Nonalcoholic fatty liver disease (NAFLD), also called steatosis, is a dramatically under-estimated liver disease, with increasing incidences throughout the world. It is frequently associated with obesity and type-2 diabetes. Approximately one third of the general population in Western countries are affected, often without even having symptoms.
It is a result of a high caloric diet in combination with a lack of exercise, where the liver starts incorporating fat as lipid droplets. Initially, this is a benign state, which can, however, develop into NASH /steatohepatitis, an inflammatory disease of the liver. Then many patients develop fibrosis, cirrhosis or even liver cancer. However, in many cases patients die of heart failure before they develop severe liver damage.
A major obstacle for NAFLD research was, up to now, that biopsies of patients and healthy individuals were required. The Düsseldorf researchers elegantly solved this problem by reprogramming skin cells into so called induced pluripotent stem cells which they differentiated into hepatocyte like cells. “Although our hepatocyte-like cells are not fully mature, they are already an excellent model system for the analysis of such a complex disease”, explains Dr. Nina Graffmann, first author of the study.
The researchers recapitulated important steps of the disease in vitro. For example they demonstrated up-regulation of PLIN2, a protein that covers lipid droplets. Mice without PLIN2 do not become obese, even when overfed with a high fat diet. Also the key role of PPARα, a transcription factor involved in controlling glucose and lipid metabolism, was reproduced in the in vitro system.

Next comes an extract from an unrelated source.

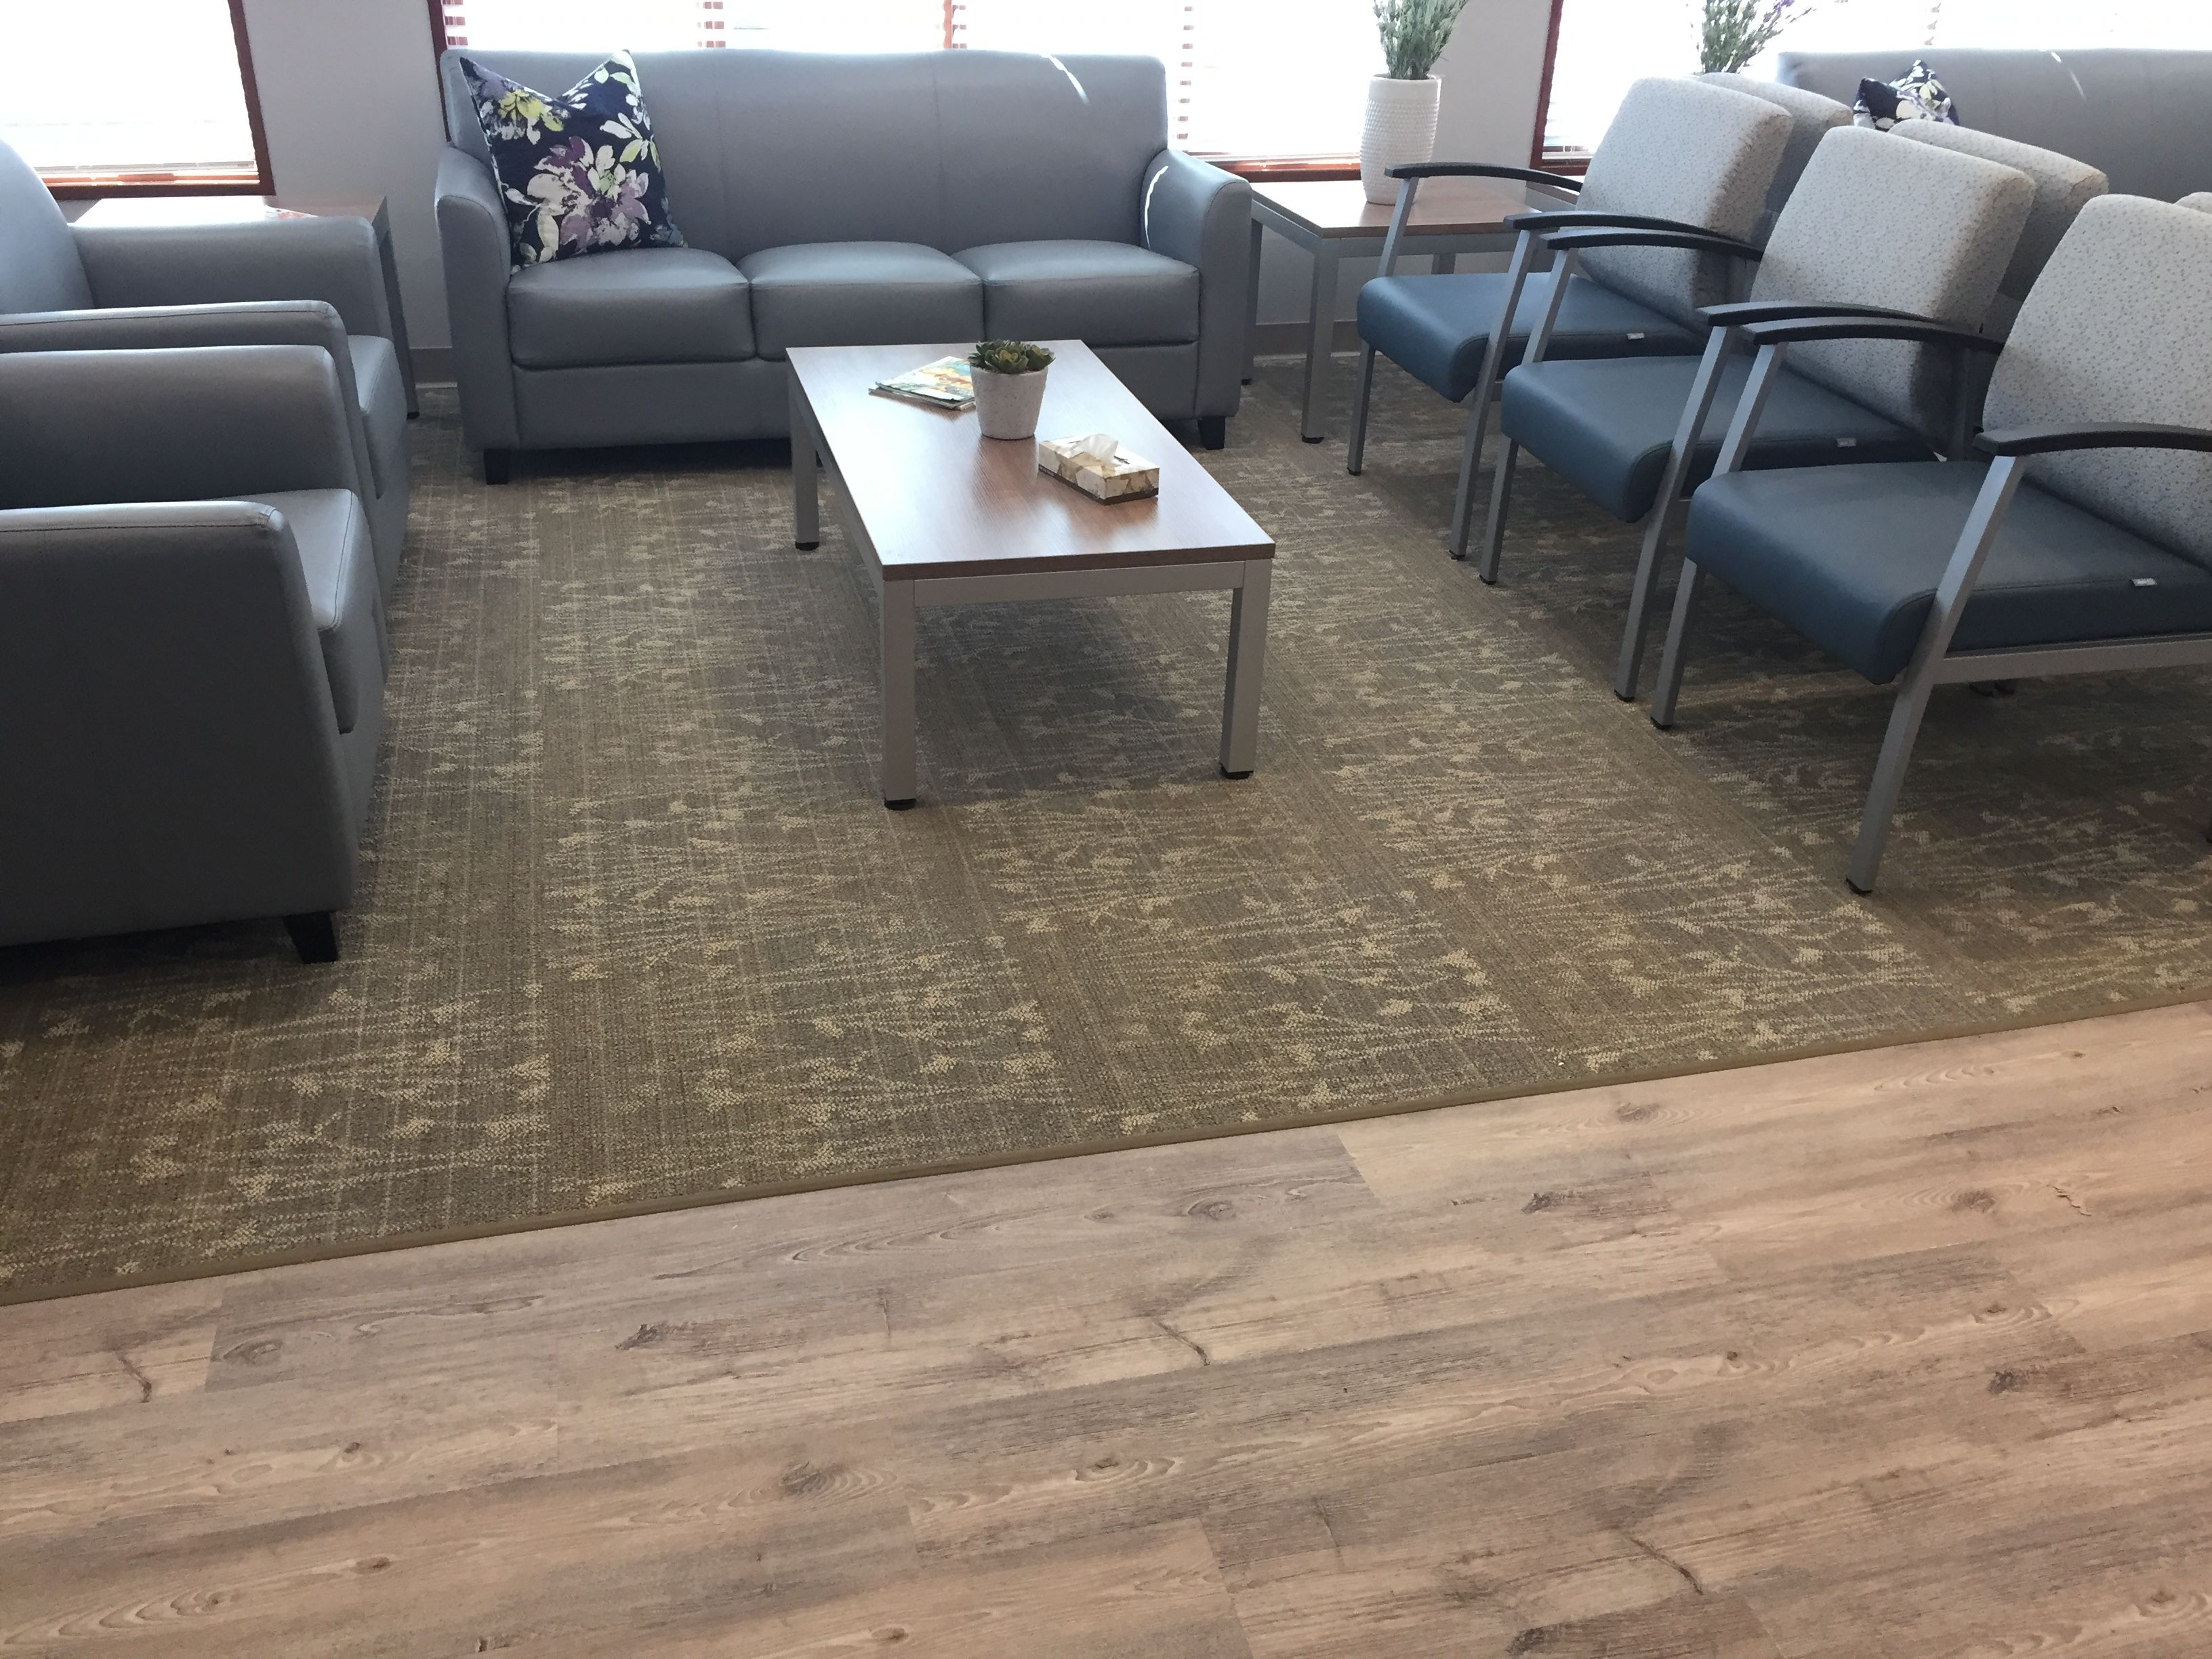 35+ Arlington heights health center address ideas in 2021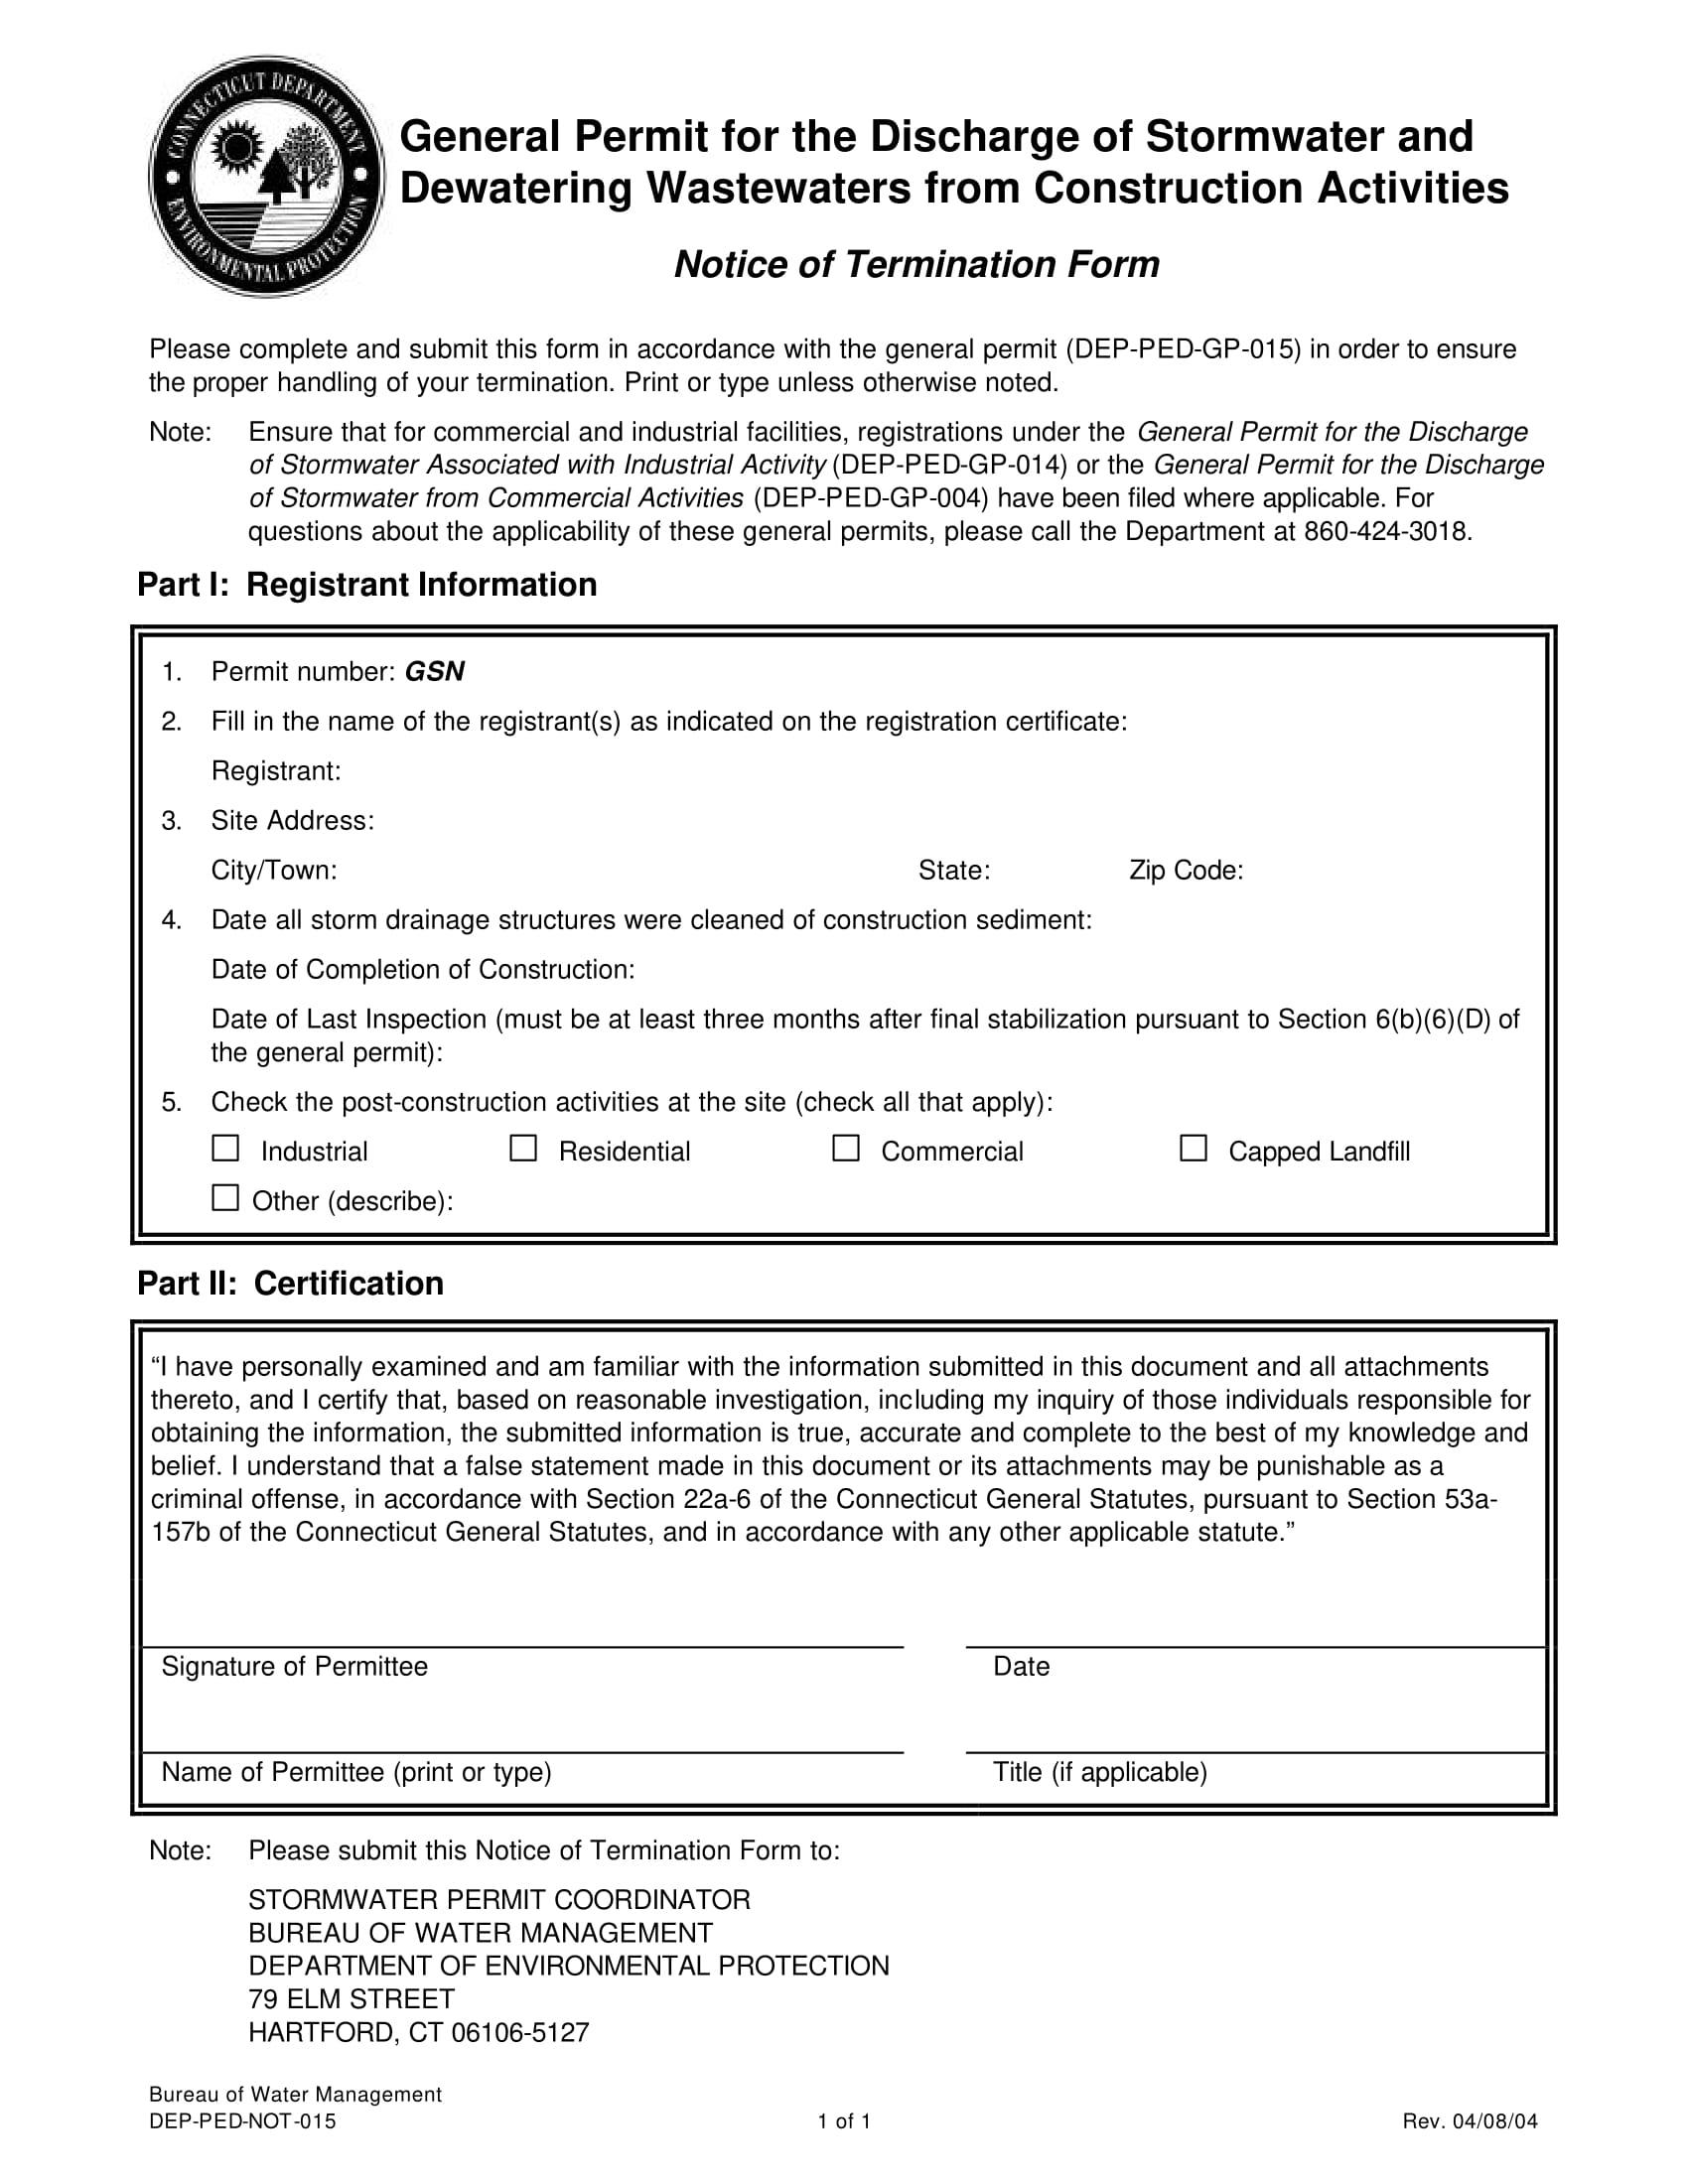 construction notice of termination form 1

“In our system, we can efficiently induce lipid storage in hepatocyte-like cells and manipulate associated proteins or microRNAs by adding various factors into the culture. Thus, our in vitro model offers the opportunity to analyse drugs which might reduce the stored fat in hepatocytes” says Dr. Graffmann.
The team now expands the model using induced pluripotent stem cells derived from NAFLD patients, hoping to discover differences which might explain the course of the disease.
“Using as reference the data and biomarkers obtained from our initial analyses on patient liver biopsies and matching serum samples (1), we hope to better understand the etiology of NAFLD and the development of NASH at the level of the individual, with the ultimate aim of developing targeted therapy options,” states Professor James Adjaye, senior author of the current study.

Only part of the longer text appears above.